Desde el fallecimiento de Hatzell Bertie la elección del nuevo Intendente de Gressite permanecía en el aire. El Cónsul en persona anunció como candidato a Hágart Barr pero el Intendente de Jinera, el territorio vecino, presentó una solicitud de anexión. Aquello, pese a ser poco habitual, legalmente podía hacerse. En última instancia el asunto se trasladaba a manos del mismísimo Emperador que era quién tenía la última palabra respecto a la conveniencia de agrupar ambos territorios.

Vlad Fesserite se desesperaba ante las constantes exhibiciones de ineptitud de algunos Intendentes. El imbécil de Zoump Velúsker parecía no darse cuenta de la situación real y la solución al problema era evidente.

—No podemos perder más tiempo con las insensateces de ese memo —repuso el anciano—. Húguet va a consentir la anexión…

—Pero… ¡Eso es inaceptable! —Hágart Barr se veía a sí mismo como Intendente de Gressite y la noticia lo indignaba por completo.

—Deberías decirle a tu hijo que no se precipite al emitir ciertos juicios, Hégar —comentó Fesserite con hastío—. Por supuesto, no vamos a tolerar que Velúsker y sus ridículas pretensiones modifiquen lo más mínimo nuestro plan; el este de Jinera se anexionará a Gressite y el oeste pasará a formar parte de Ahaun. Es probable que mientras hablamos el mantecoso de Zoump haya dejado de respirar.

Hágart sonrió satisfecho y su padre aplaudió dos veces mientras se reía escandalosamente. Como siempre, las maquinaciones del Cónsul Dashtalian suponían beneficios inmediatos para sus socios.

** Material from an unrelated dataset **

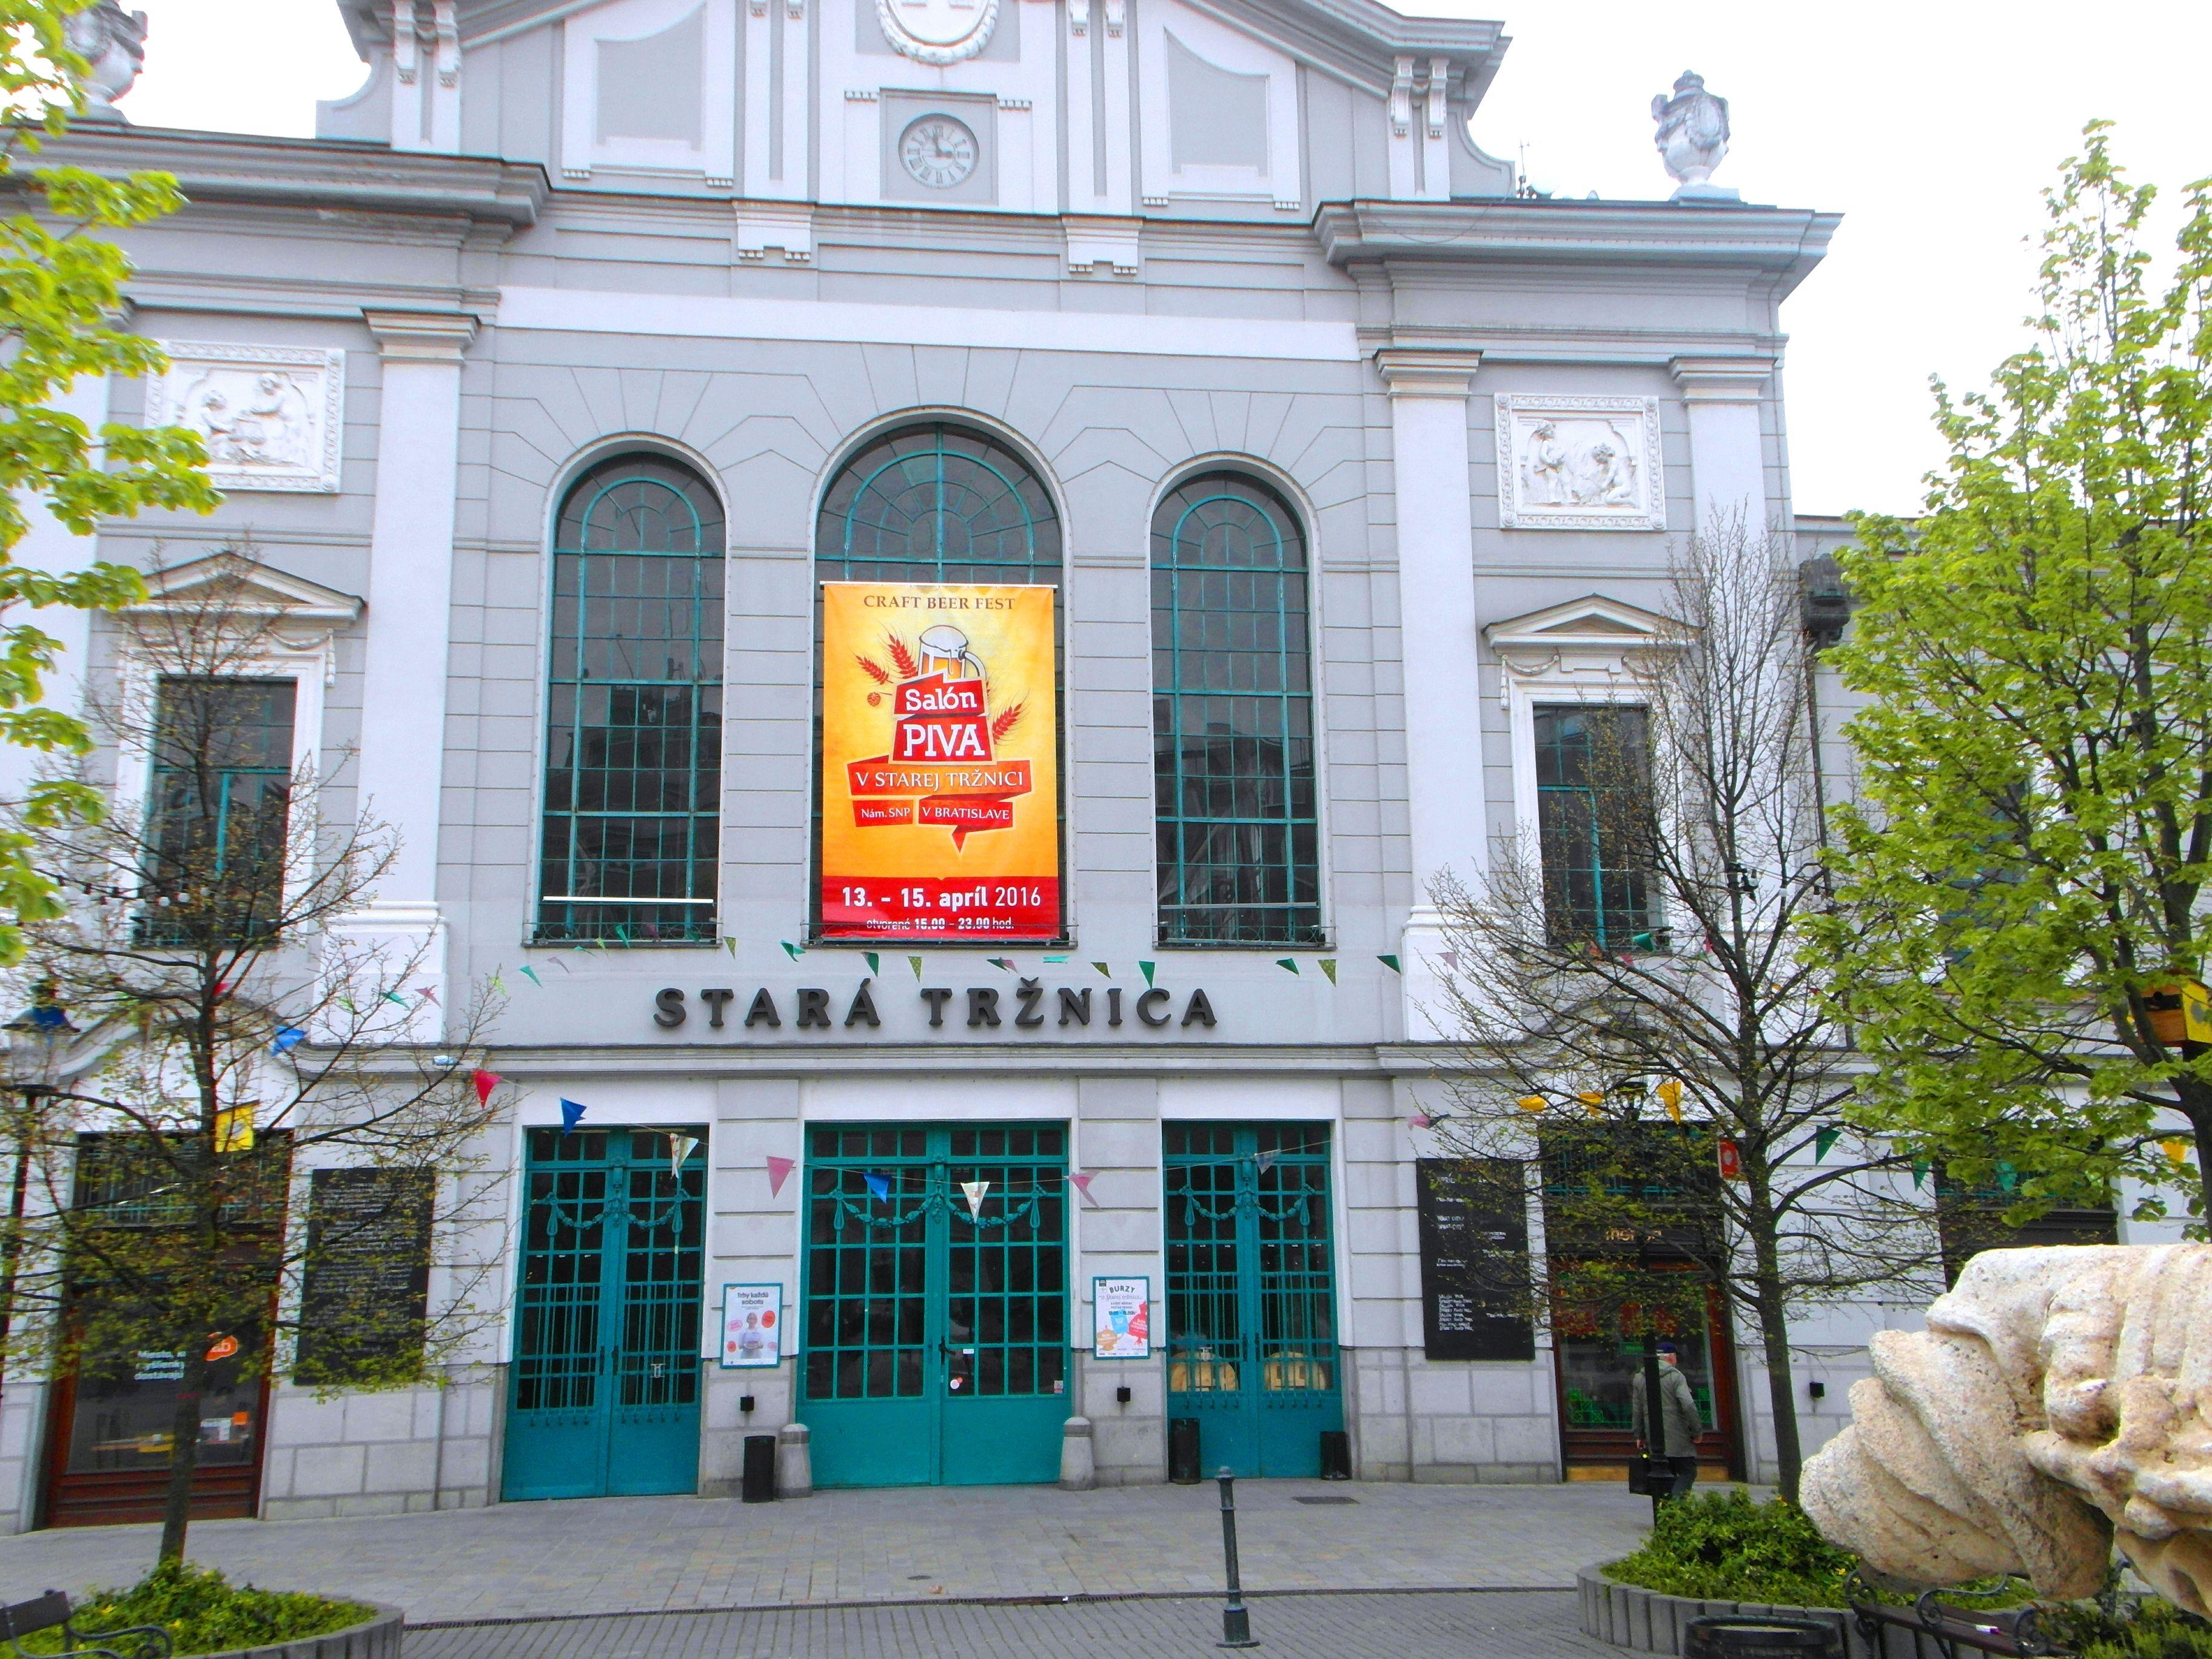 Salón Piva od zajtra v Starej Tržnici v Bratislave. Tešíte sa ? www.vinopredaj.sk  #salonpiva #trznica #bratislava #craft #beer #pivo #cerveza #bier #staratrznica #salon #piva #fest

Skráver Barr permanecía atento a la conversación sin pronunciar palabra. Su tío y su primo eran dos perfectos idiotas, incapaces de ver más allá de los hechos puntuales. Si el plan de Húguet Dashtalian daba resultado, aquellos insignificantes territorios no serian más que paja y desechos de un beneficio infinitamente superior para la familia Barr. La mirada del joven se cruzó con la de Vlad Fesserite, que le sonreía con complicidad. Skráver le devolvió la sonrisa. Aquel anciano era el único de los presentes que merecía su respeto y el joven Señor sabía valorar en la medida justa a sus aliados.

15. Nadie podría distinguirlas

El Gran Círculo, Ciudad Imperio

El Comandante Hovendrell tomó asiento en el palco y se cruzó de brazos con resignación. En la arena, el Campeón Igarktu se enfrentaba a tres rivales; aquello no podía durar demasiado. Sabía que intentar dialogar con el Emperador sería inútil hasta que no concluyese el combate así que decidió esperar mientras reflexionaba sobre las graves noticias que habían llegado a sus oídos.

Belvann VI contemplaba el espectáculo con su histrionismo habitual. Gritaba y gesticulaba mientras bebía una copa de vino tras otra. Una joven vestida con dos pedazos de seda que apenas le cubrían los senos y las ingles se sentaba en su regazo, abrazaba a él mientras le daba lametones en el cuello y le mordisqueaba una oreja.

La Emperatriz no había asistido a Los Juegos, como era habitual. De haberlo hecho, aquella moza hubiese estado en el mismo sitio y la mano de su esposo estaría acariciando su trasero, tal como sucedía en ese momento. La consorte Imperial prefería ahorrarse la vergüenza y rara vez abandonaba el palacio.